鎌倉の海、町並みは勿論のこと、すずが二人のりの自転車で桜並木のトンネルを抜けるシーンは実写であることを疑うほど美しい。これもまあ是枝監督の力であり、「そして父になる」のラストシーンを連想した人も多いはず。
2時間たっぷり、ストーリーにこれといった起伏なしの映画なのに、最後まで飽きずに見られるのは絵の美しさによるところが大きいと思う。
そして出て来る人物の心も、これがまた美しい。
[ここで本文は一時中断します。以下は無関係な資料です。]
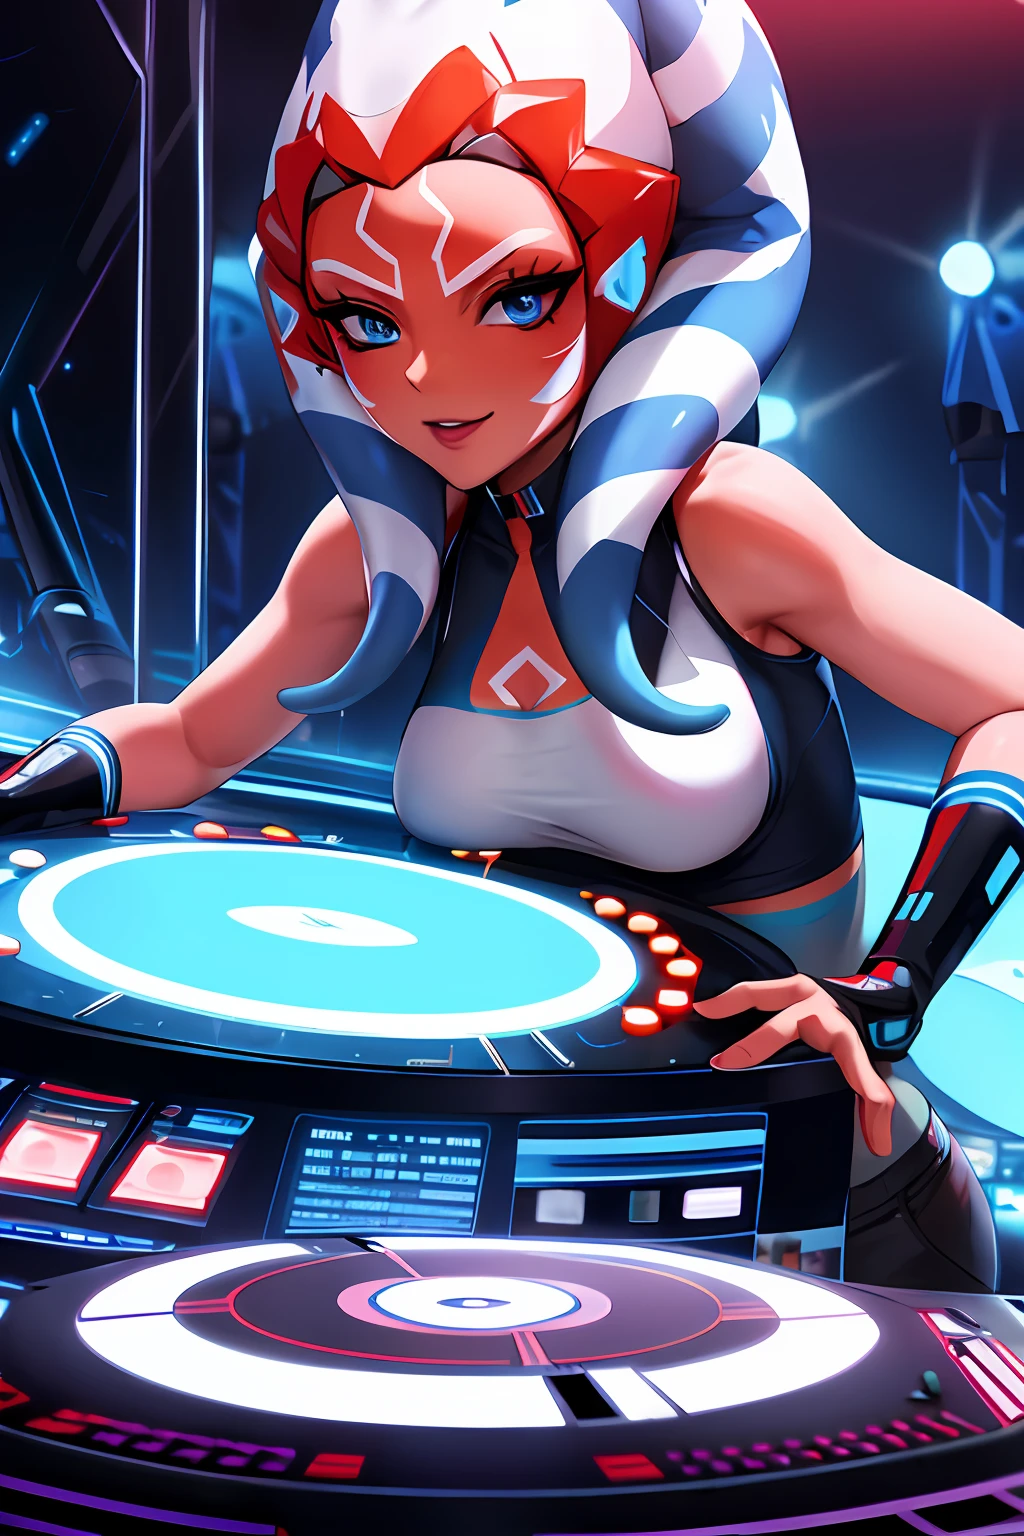 "Uma foto solo com 1girl, olhos azuis, casca de laranja, cabelo tentáculo um DJ, mostrando suas habilidades nos toca-discos em uma rave vibrante."

登場人物全員性格がいい。腹違いの妹との突然の共同生活がここまで無難に進むとは思えないけど、みんないい人だから大きな問題なく生活していく。すずもあまりに性格がよく、「幸ねえのこと、三人で一緒に考えたい」なんてこと言う中学生いない、いるはずがない。(無論、いい子を演じているのはそうだが、ここは本音だと信じている。)
このあたり、当然、ファンタジーであることを意識して監督は作られているのだと思う。今回は徹底して「美しい映画」を撮りたかったのだろう。
そしてこの映画は、泣ける。ラストシーン手前の、幸とすずが丘の上で叫ぶシーンはもちろんのこと、佳乃が幸に仕事で出会う「死」について質問するシーンなど、随所に泣けるシーンがちりばめられている。それも”さらー”と粘度の低い涙が流れる感じで、泣いているこっちの心が浄化される感覚になれる。
総評して、これはもうある意味「ヒーリング映画」だと思う。美しい景色と美しい人間ドラマを見せることで、観客の心を癒して浄化する効果があるのではないか。
ただし、ストーリーはどうなんだろう?という感じ。親との確執であったり、不倫問題であったり、テーマ自体はこれまでに使い古された内容ばかり。「ありきたりの問題に対して、可愛い女の子と地域の人たちが苦労する」という、なんだか、朝のNHK連続テレビ小説を2時間見せられているようでした。
それでも、最後まで飽きることなく見れるのは、この映画がヒーリング効果抜群だから。最近心が疲れているあなたにおすすめの映画です。